From: Troy Settle
Date: Mon, 10 Nov 2008 11:30:27 -0500

I received a piece of junkmail this morning:
http://home.psknet.com/troy/1.txt

In the spam report, I see this: BAYES_00=-2.599

So, I run it through sa-learn with --spam:

Learned tokens from 1 message(s) (1 message(s) examined)
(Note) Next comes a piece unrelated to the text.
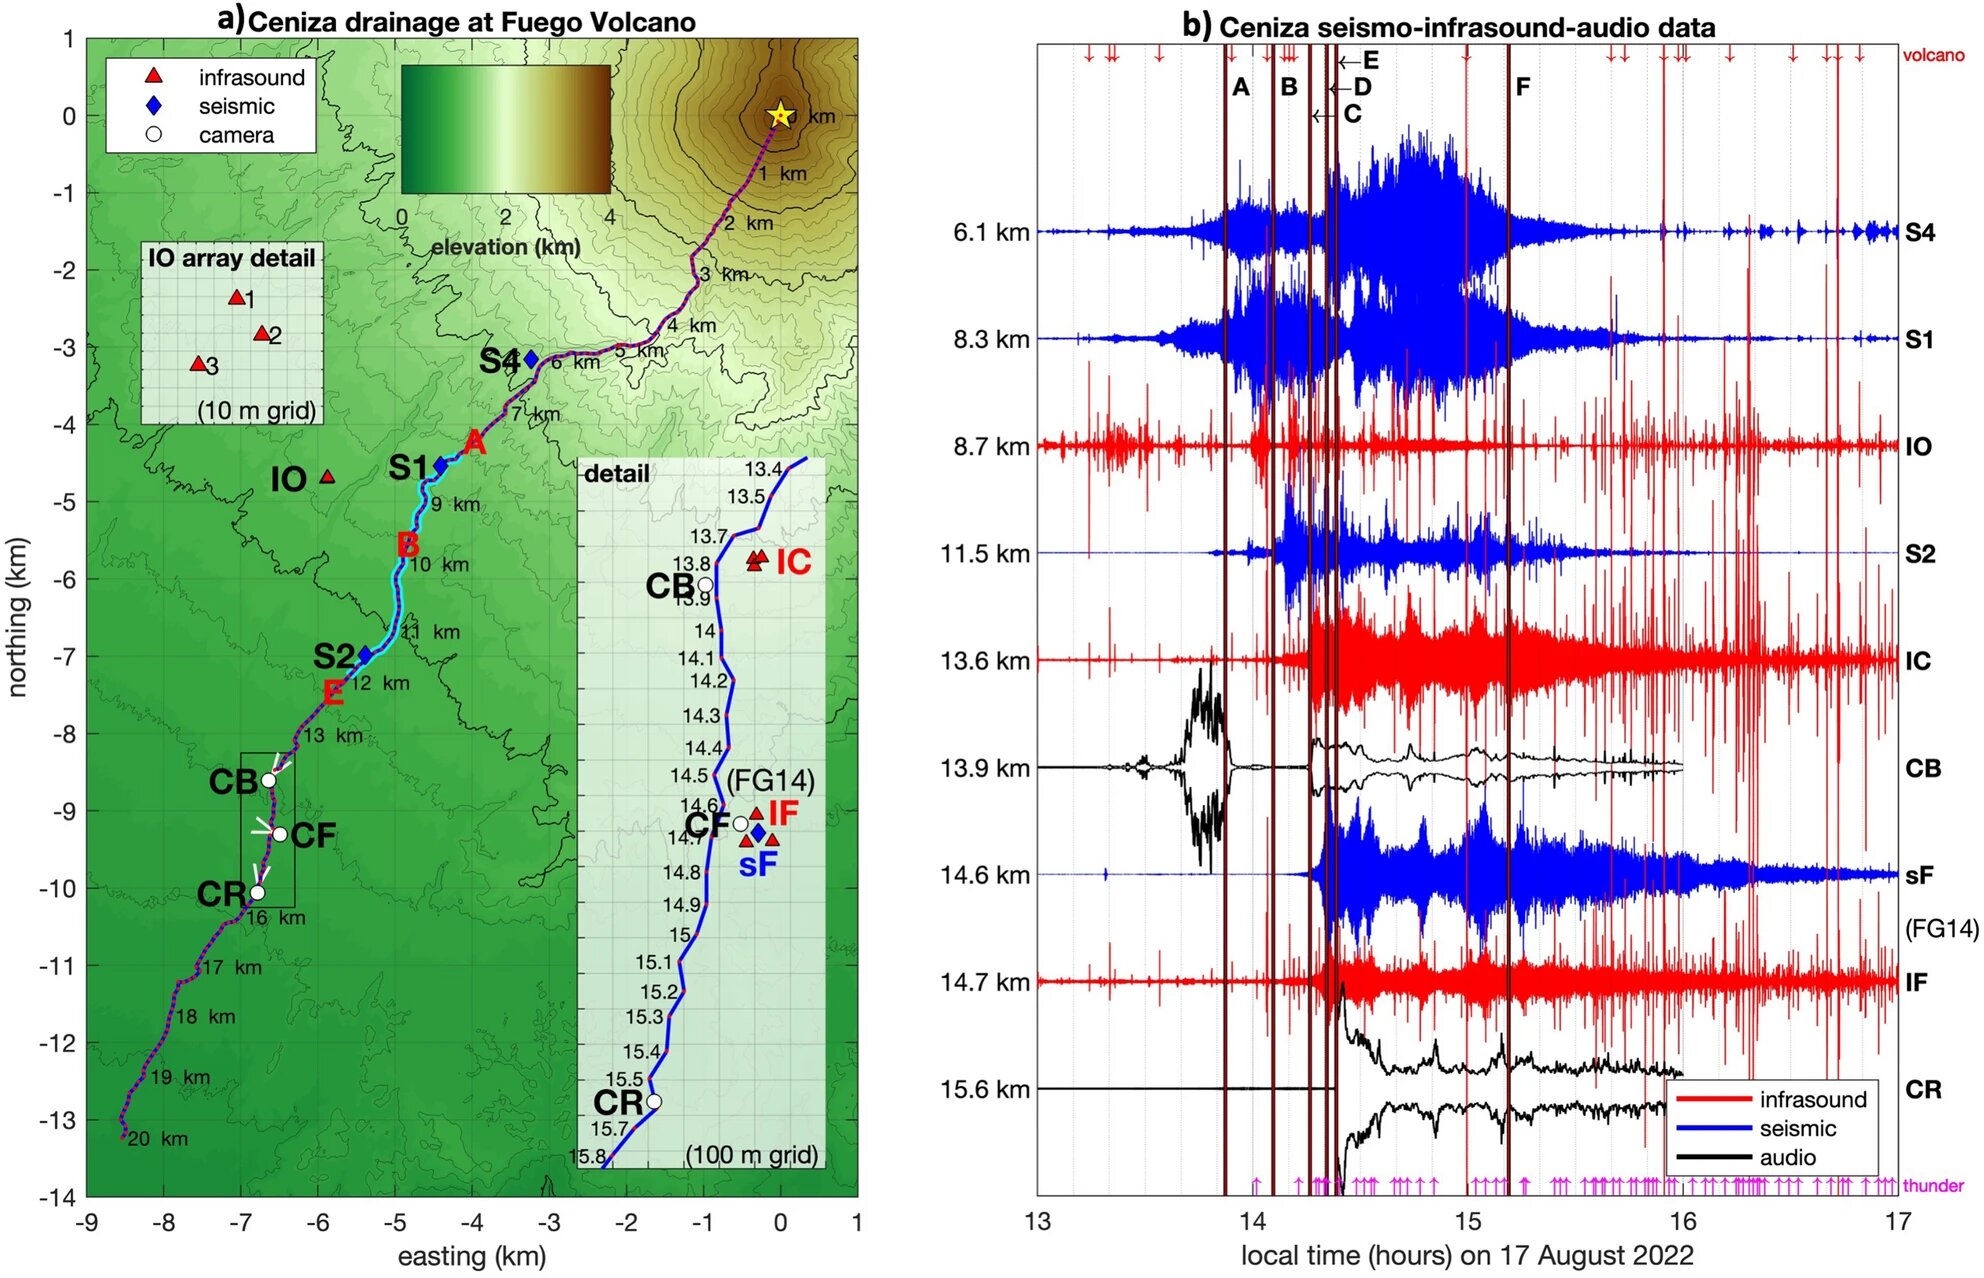 Nuevo estudio detecta sonidos inaudibles de flujos de lodo volcánico

Then, I re-scan it using spamc, and still I get:

BAYES_00=-2.599

What gives? I don't expect the total score to come up much, but the
bayes should at least go from a negative number to a positive number...
shouldn't it?

The answer Depends on how many tokens bayes is looking at and how
spammy those tokens are. You can see what bayes thinks about each
token with --debug output. I get BAYES_40 on your message.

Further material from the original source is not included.